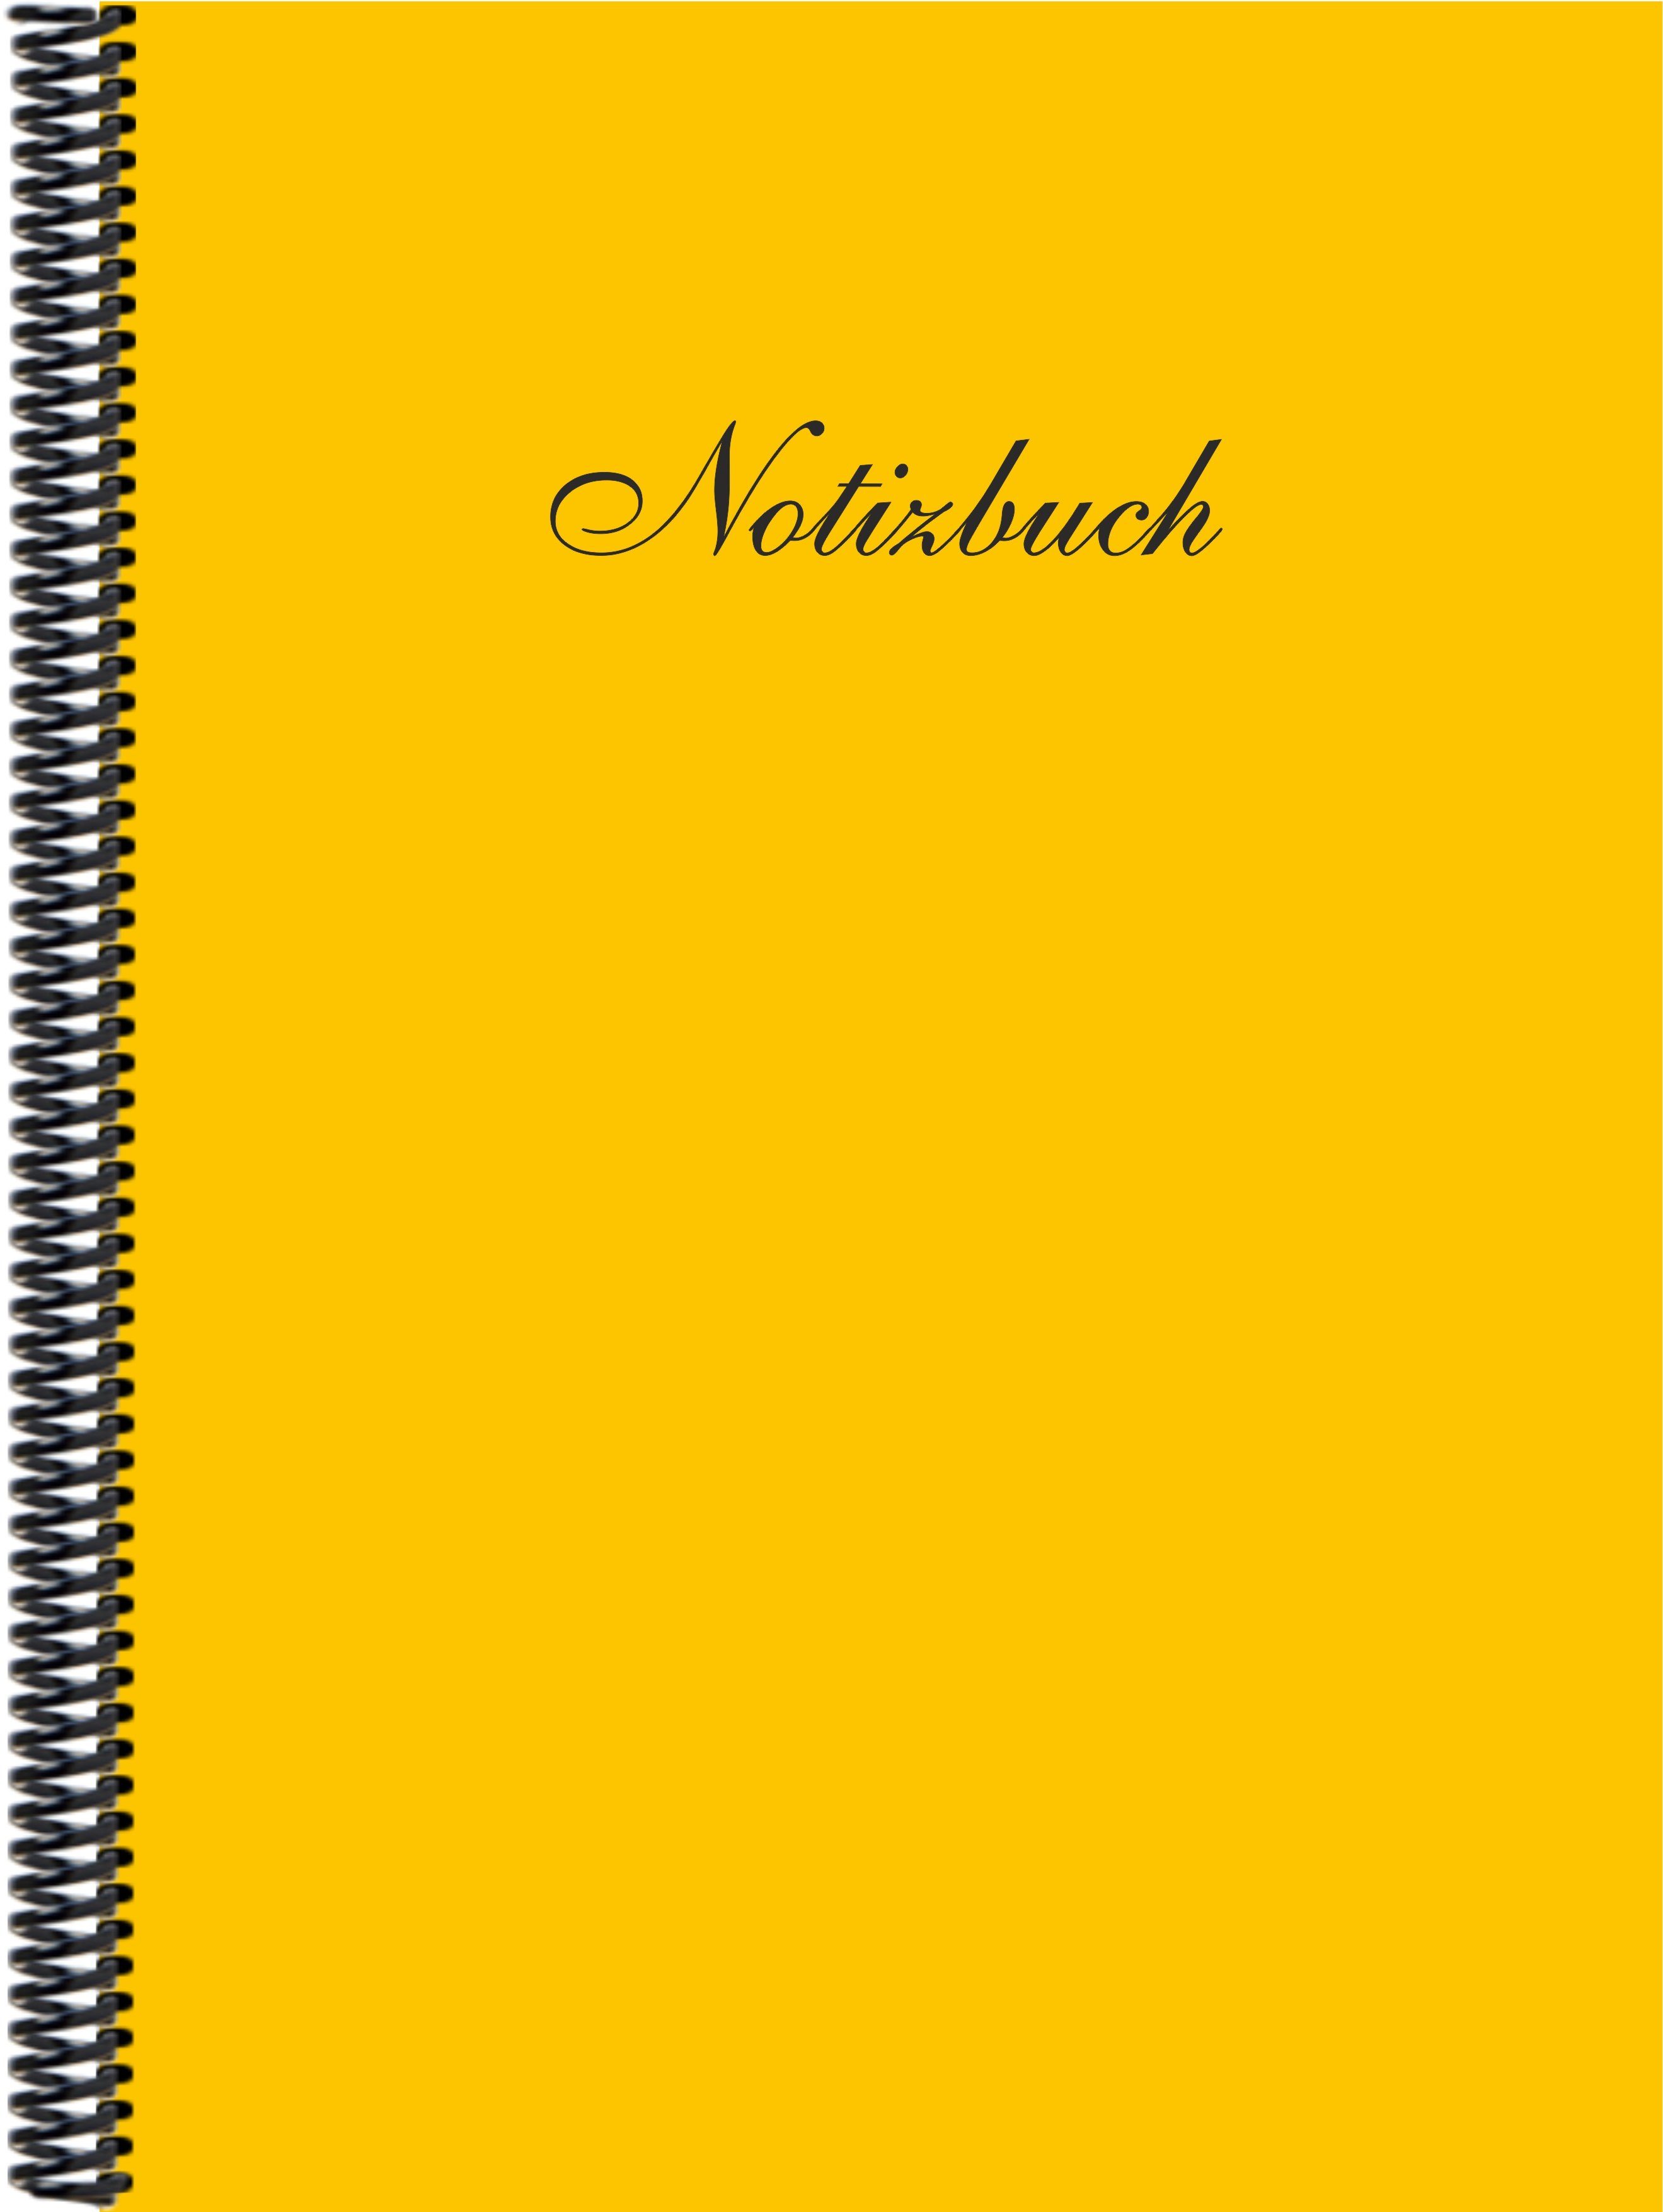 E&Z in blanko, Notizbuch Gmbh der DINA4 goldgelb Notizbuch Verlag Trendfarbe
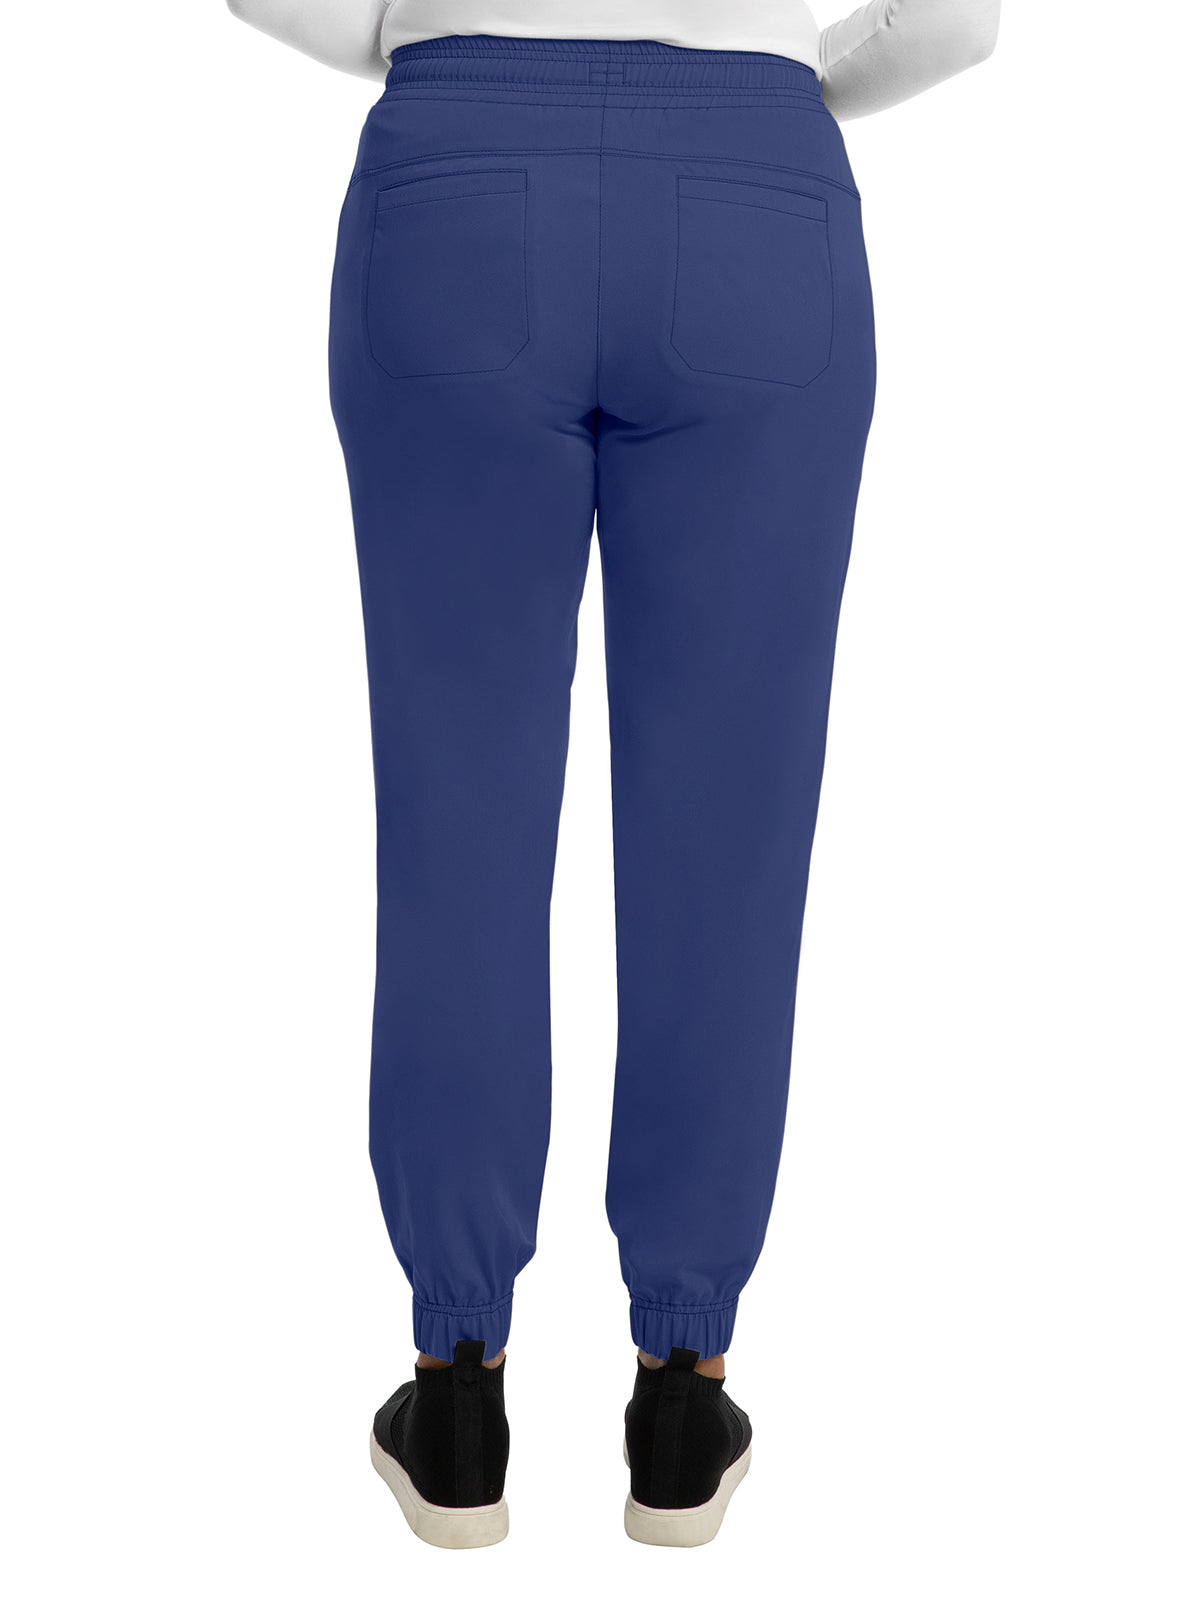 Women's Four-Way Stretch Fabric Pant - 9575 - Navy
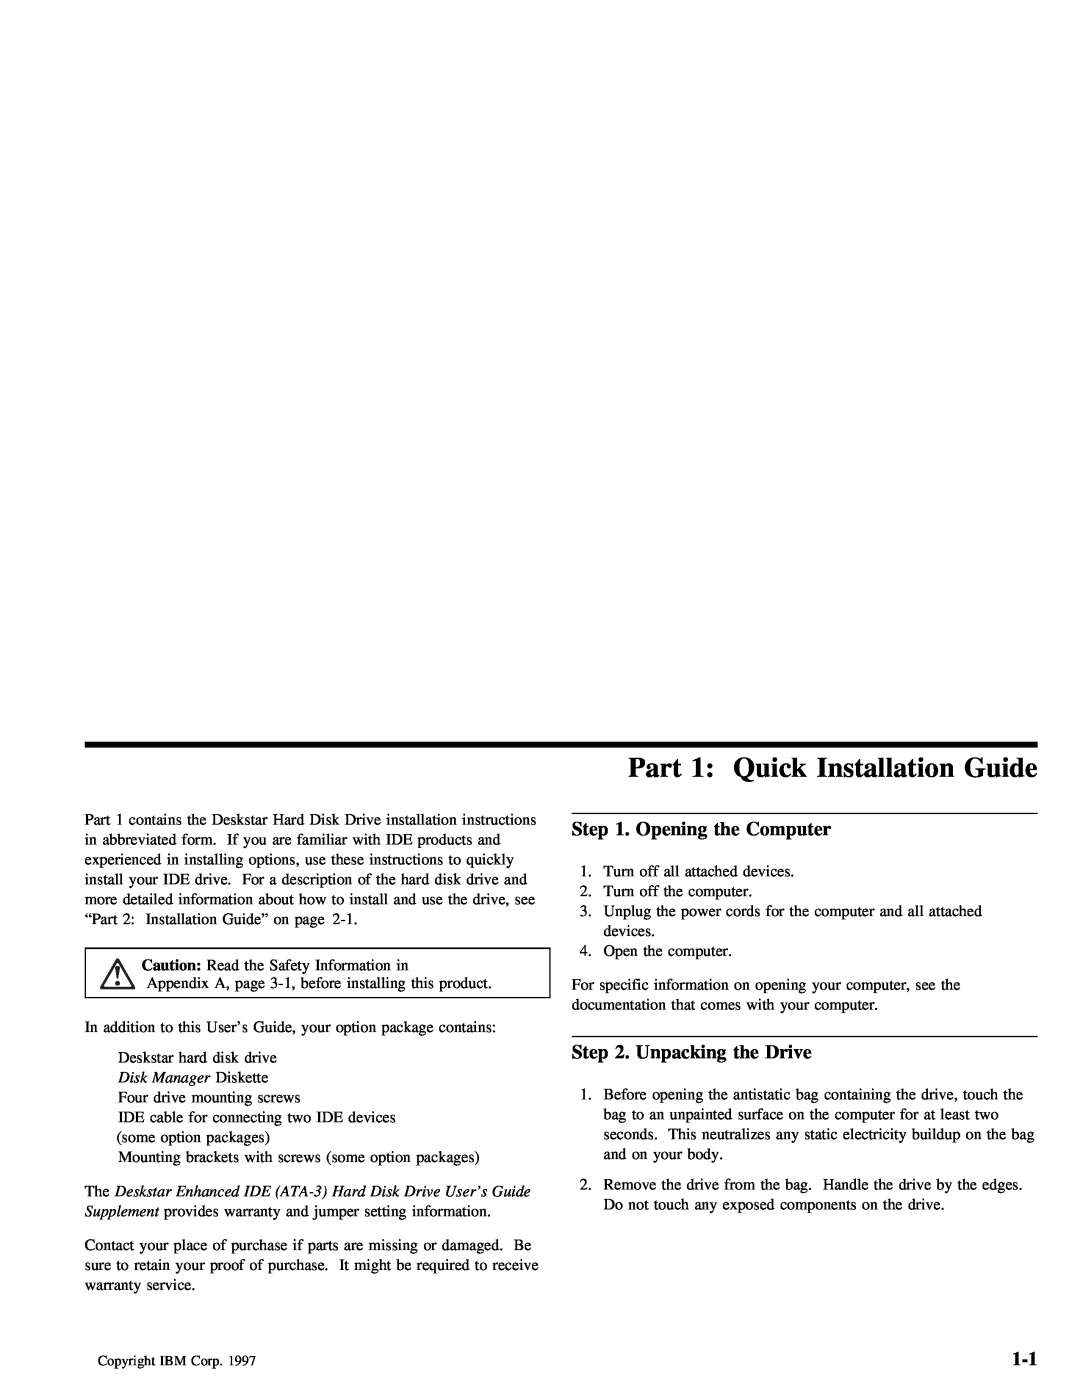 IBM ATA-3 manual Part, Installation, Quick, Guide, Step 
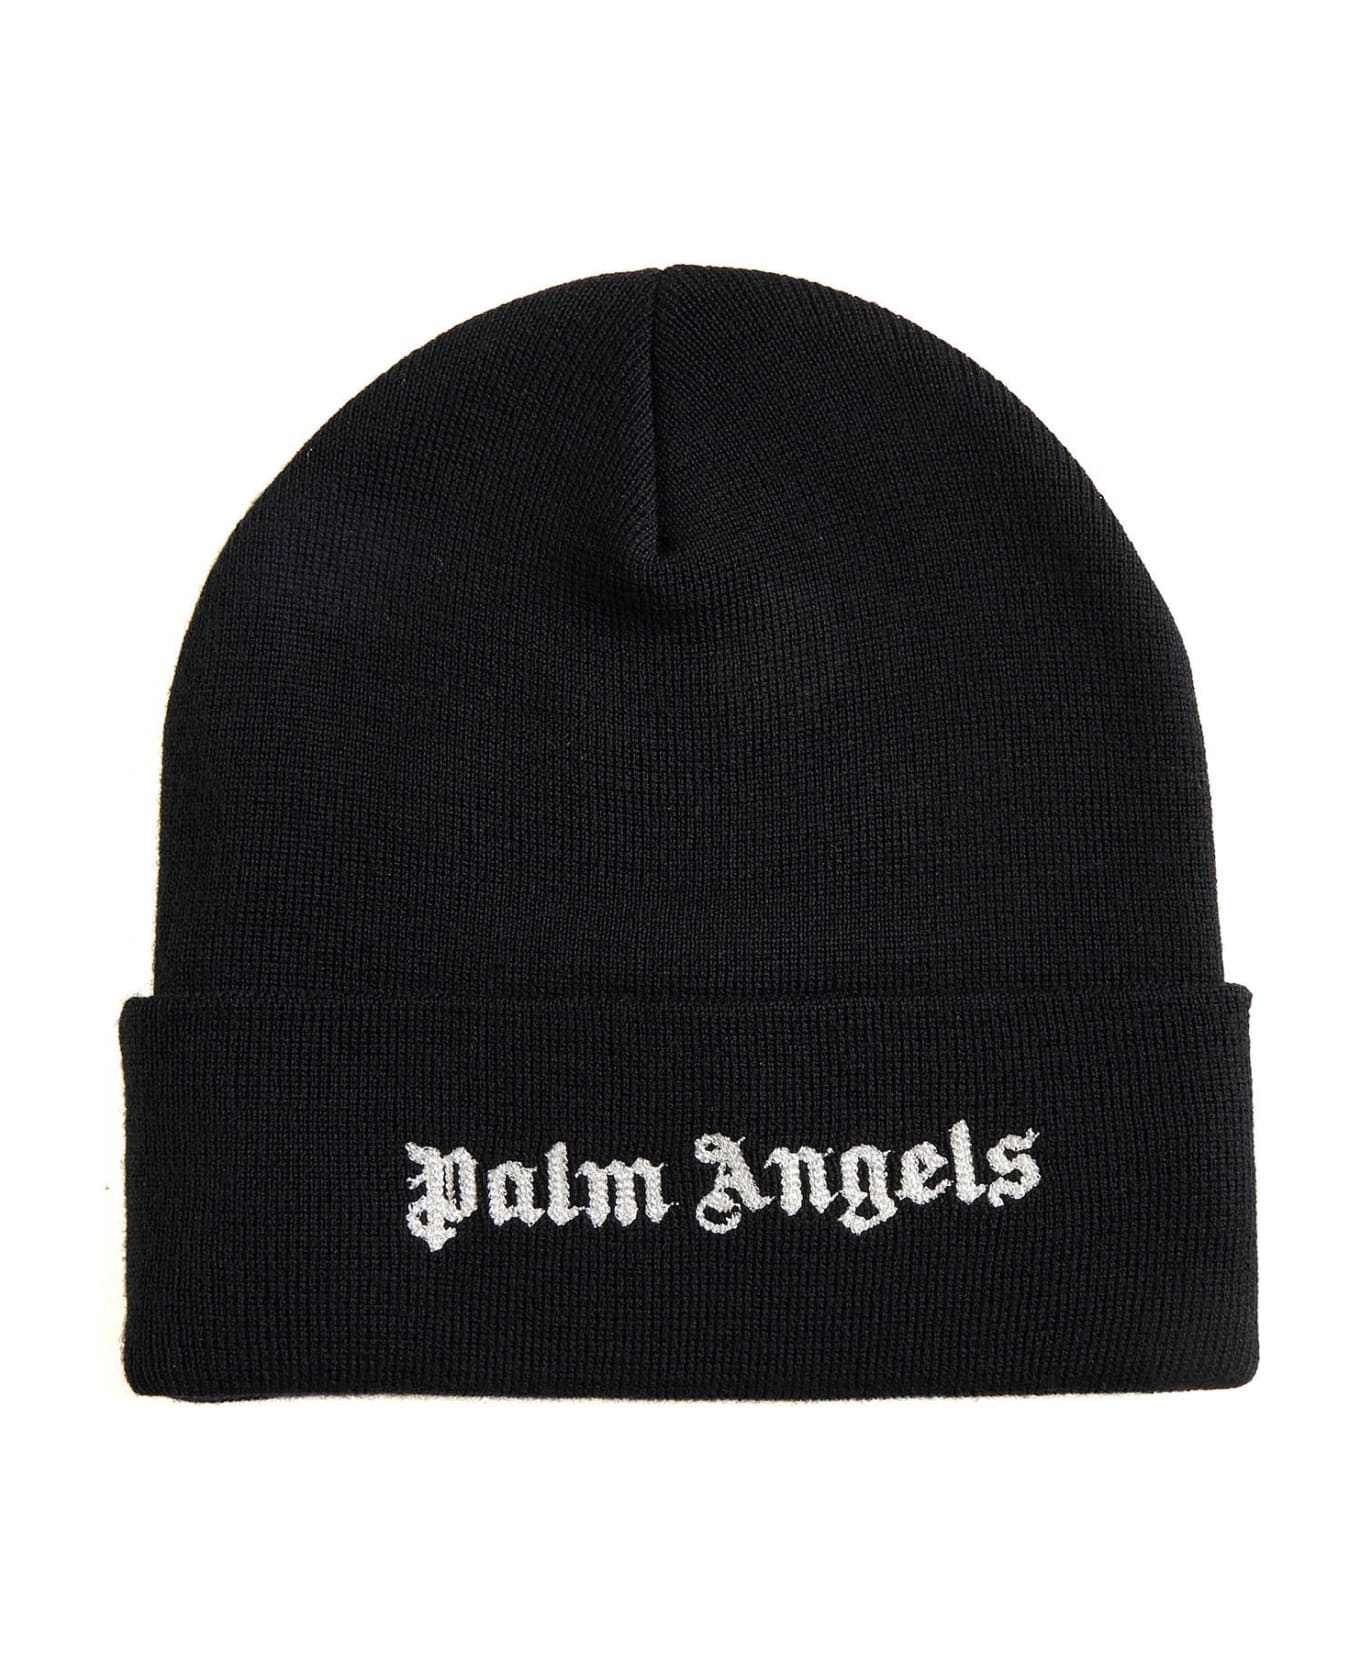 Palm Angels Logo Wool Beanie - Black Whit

- - - -

The material above must be reproduced line for line, with the images omitted.

*ANSWER SECTION*:
 E&Z in blanko, Notizbuch Gmbh der DINA4 goldgelb Notizbuch Verlag Trendfarbe
 Women's Four-Way Stretch Fabric Pant - 9575 - Navy
 IBM ATA-3 manual Part, Installation, Quick, Guide, Step 
 Palm Angels Logo Wool Beanie - Black Whit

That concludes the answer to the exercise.